Our key interest here is to explore viable ways of engaging engineering and scientific knowledge about:

o landfills – siting, design, construction, operations and post-closure care, leachate, contaminants of concern and so on

o Bioreactors – new methods of landfill operations are being advocated on the basis of some benefits (e.g. energy recovery and allowing more waste to be disposed in a given landfill) without fully understanding the potential consequences in terms of the longterm performance of the liner systems

o Recycling – forms of diversion that are actually routinely landfilled, or, in their recycling, produce hazardous toxins and require considerable energy with consequential environmental impacts.

With citizen concerns about the practicalities of waste disposal, policy concerns with adhering to provincial and municipal regulations, industry concerns with profit-making, and global concern with increased consumption and disposal.

I want to highlight two further key aspects of this project. The first is the project’s commitment to transdisciplinarity, which involves both the learning and appreciation of several disciplines that span the humanities, and social and natural sciences, as well as how the topic of waste flow might be transformed through a transdisciplinary approach. The second key aspect is graduate and postgraduate training. I currently supervise three graduate students whose research projects focus on important aspects of waste flow, including indigenous issues, industry take-up of waste management regulations, and university institution waste management policies and practices. These graduate students are forging important relationships with the numerous graduate students in engineering and science who are also studying various aspects of waste management. I believe this generation of graduate students is building transdisciplinary research approaches into their training in innovative ways that my generation of academics tended not to do, and that this approach has the potential to transform academia in positive ways.

What are some of your more interesting findings that you would like to share with us?

Since this project began in the fall of 2011, it’s too early to have garnered results. I very much look forward to sharing this research as it evolves.
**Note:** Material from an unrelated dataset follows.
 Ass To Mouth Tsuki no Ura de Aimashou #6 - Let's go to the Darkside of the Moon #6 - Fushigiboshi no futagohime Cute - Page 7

I am organizing a session at the 2012 CSA conference on waste flow, and I look forward to the discussion there.

What would you like to pursue with your research in the future?
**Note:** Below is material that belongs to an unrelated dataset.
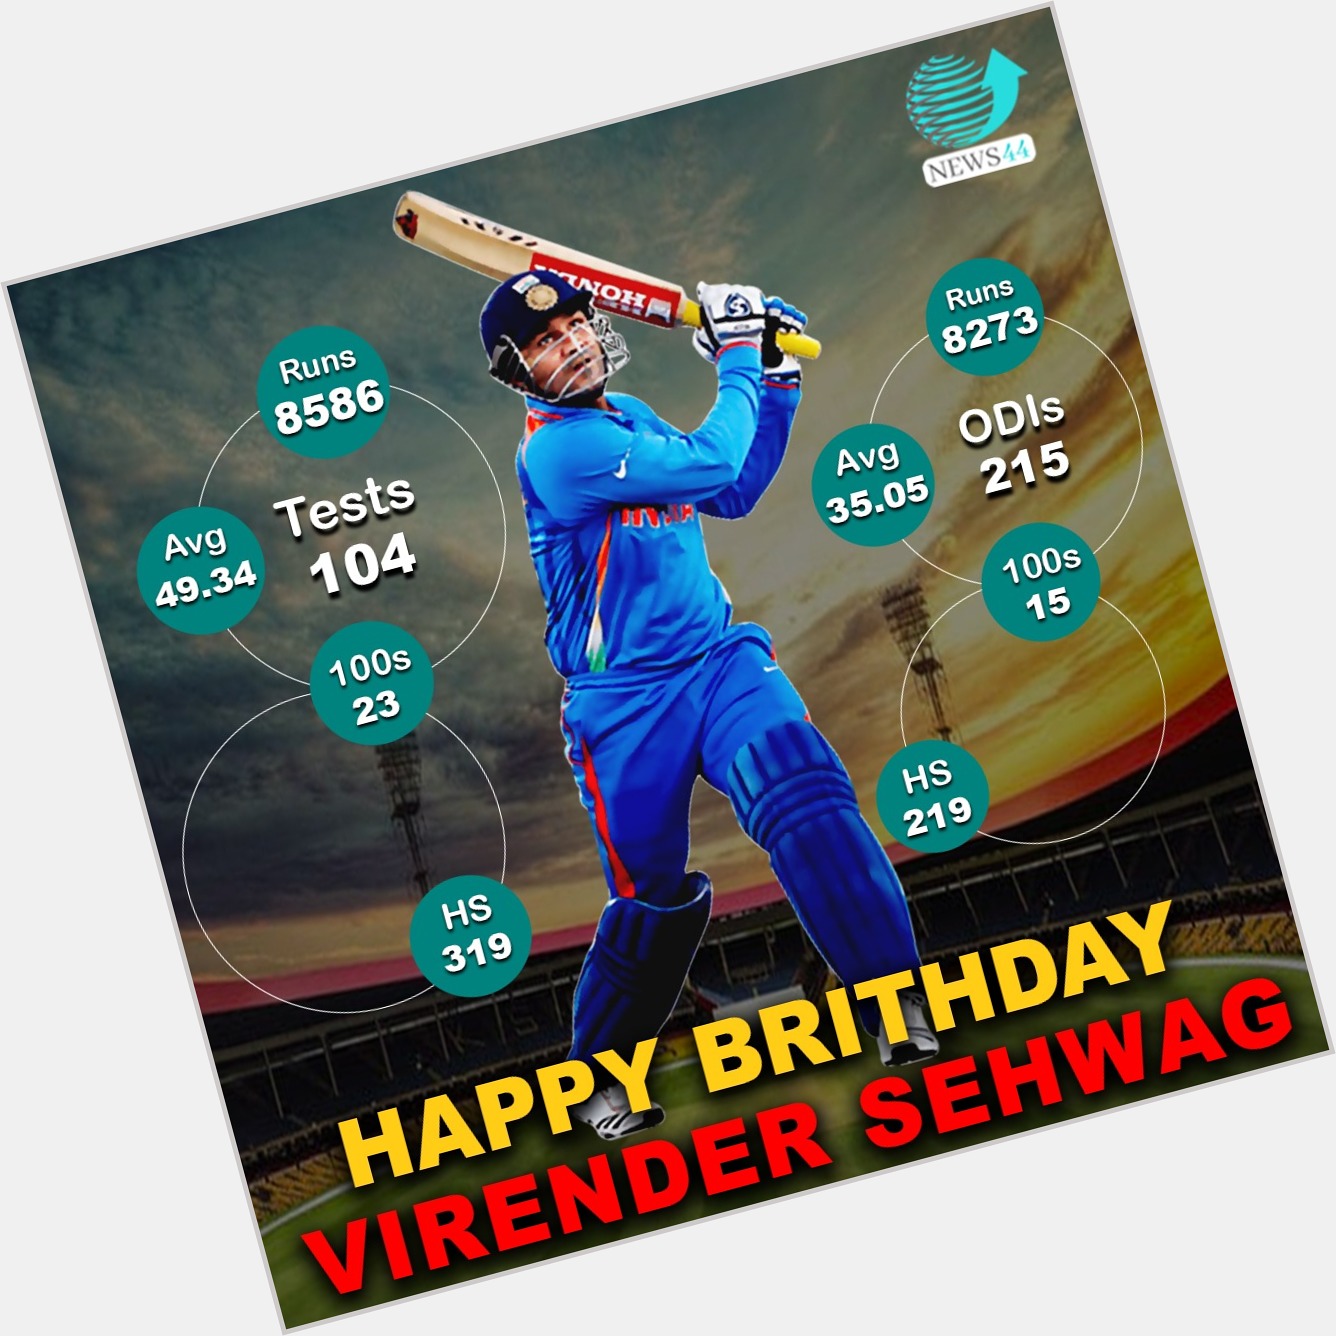 Happy Birthday Virender Sehwag | News44

I very much hope this research project expands into something larger, and that we are able to provide more graduate and postgraduate training opportunities.

What is your favourite place in Canada to spend time?

My favourite place in Canada is my parent’s cottage. Located in Quebec’s Gatineau hills, I situate my love for this landscape with both my good fortune to have parents who paid what is now ridiculously little for two allotments of land bordered by hills on one side and a long wide lake on the other, and with the fact that we are anglophone city-dwelling cottage owners within a francophone rural community. We share this land, water, and sky with deer, racoons, countless squirrels, chipmunks, mink, fish, white cedar, poplar, oak, silver birch, moss and fungi, bacterial multitudes, and countless memories old and in the making. The journey from my work space to my parent’s cottage effects no less than a personality change.

Is there a particular Canadian situation that concerns you as a social scientist or impacts your research with respect to the social environment relationship?

Waste is what Latour might call a ‘matter of concern’, and I am strongly committed to exploring ways of engaging the humanities, social sciences, and natural sciences with non-academic communities around this issue.

What are your professional affiliations?

I am fortunate to be affiliated with several professions: sociology, environmental studies, geography, anthropology, philosophy, engineering, geosciences, and microbiology.